In his philosophical treatise and narrative Zen and the Art of Motorcycle Maintenance, Robert Pirsig hypothesizes that all of the world's progress and evolution is due to a need for Quality - a concept he deems indefinable. Pirsig explains, "Any philosophic explanation of Quality is going to be both false and true precisely because it is a philosophic explanation. The process of philosophic explanation is an analytic process, a process of breaking something down into subjects and predicates...'Quality' cannot be broken down into subjects and predicates. This is not because Quality is so mysterious but because Quality is so simple, immediate and direct" (319).
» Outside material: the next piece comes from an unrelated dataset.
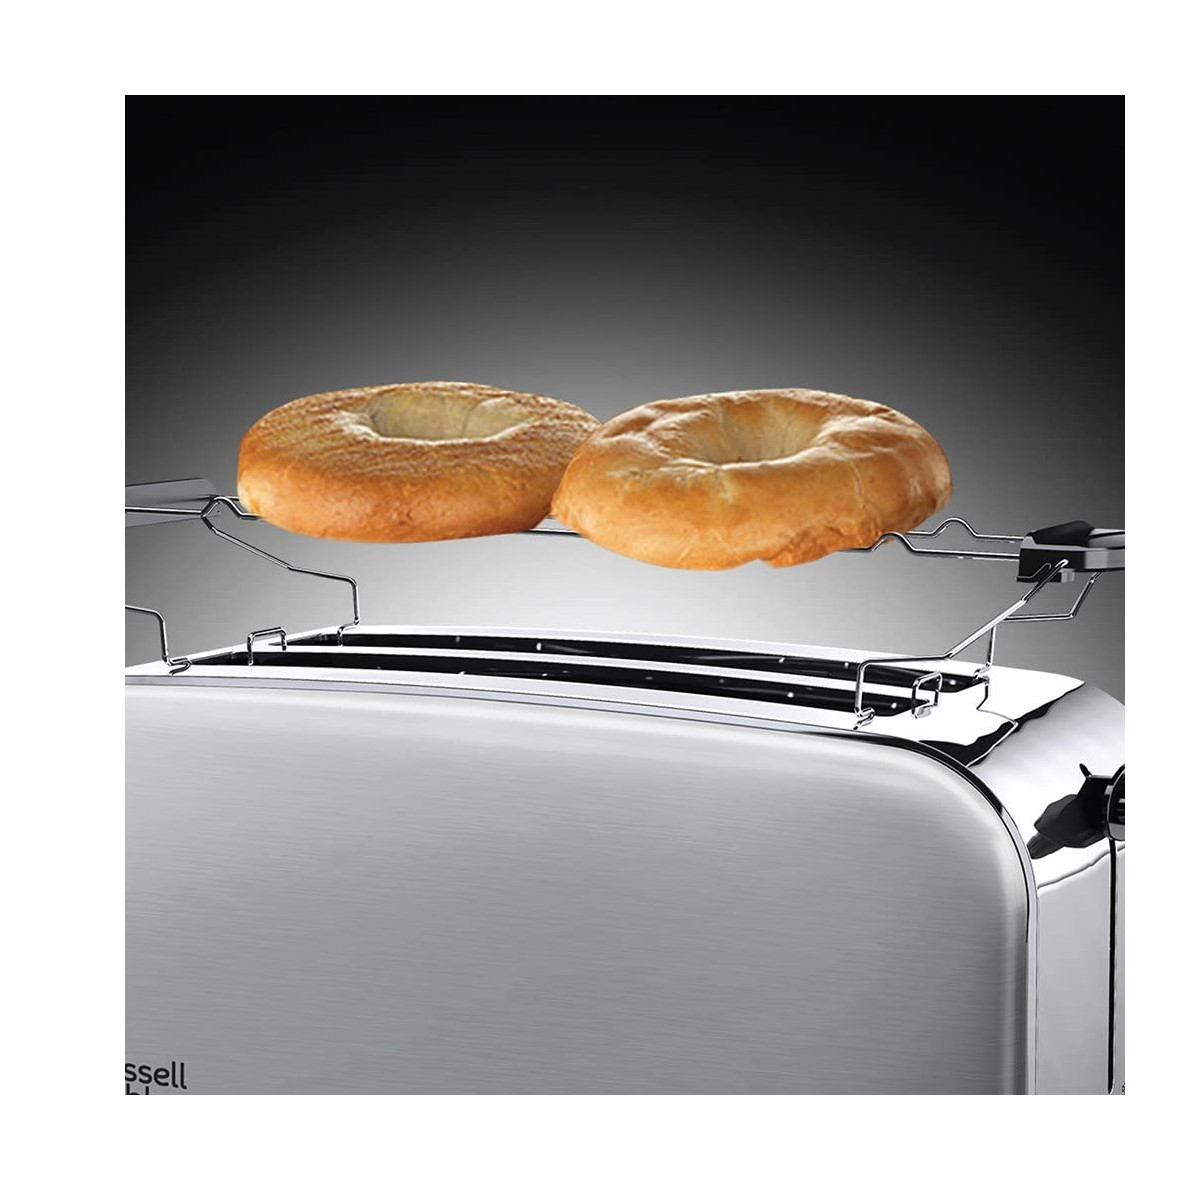 RUSSELL (1600 Silber Adventure Watt, HOBBS Schlitze: 23610-56 2) Toaster

So, if Pirsig can't tell us what Quality is, how are we supposed to understand it? A search in the dictionary yields the definition "high grade; superiority; excellence." For Pirsig, this explanation doesn't do the subject justice. One way to examine Quality, he says, is to experiment with amoeba. If you were to place amoeba in a plate of water with a drop of sulfuric acid nearby, the amoeba would pull away from the acid and swim in another direction. If they could speak, the amoeba, without knowing anything about sulfuric acid, would say, "This environment has poor quality."
Responding to Quality, amoeba will manage to survive and reproduce, eventually mutating and becoming more complex and refined. It can therefore be stated that Quality created the world we live in today. Through billions of years, organisms have responded to Quality and evolved. This evolution relates to the reasons why we can't define Quality. Pirsig writes, "Now, to take that which has caused us to create the world, and include it within the world we have created, is clearly impossible. That is why Quality cannot be defined. If we do define it we are defining something less than Quality itself" (320).
It seems strange that a word may exist without a definition. When I first read Zen three years ago, I fought against the idea. I searched through my mind for arguments against Pirsig's meaning of Quality, but I could find nothing. Finally, after weeks of frustration, I gave up and decided that the entire concept was irrational and of little importance. However, I couldn't stop thinking about it. I found examples of Quality in everyday life. When I laughed, I laughed at Quality. When I heard good music, I experienced Quality. When I was tired, rest meant Quality.
Finally, after a year of pondering, I resolved to reread Zen and the Art of Motorcycle Maintenance. Although it still didn't make complete sense, I managed to gain a simple understanding of Quality. Since then, two years have passed, and I'm still not fully certain of what Quality is. I don't know if I or anyone else ever will be.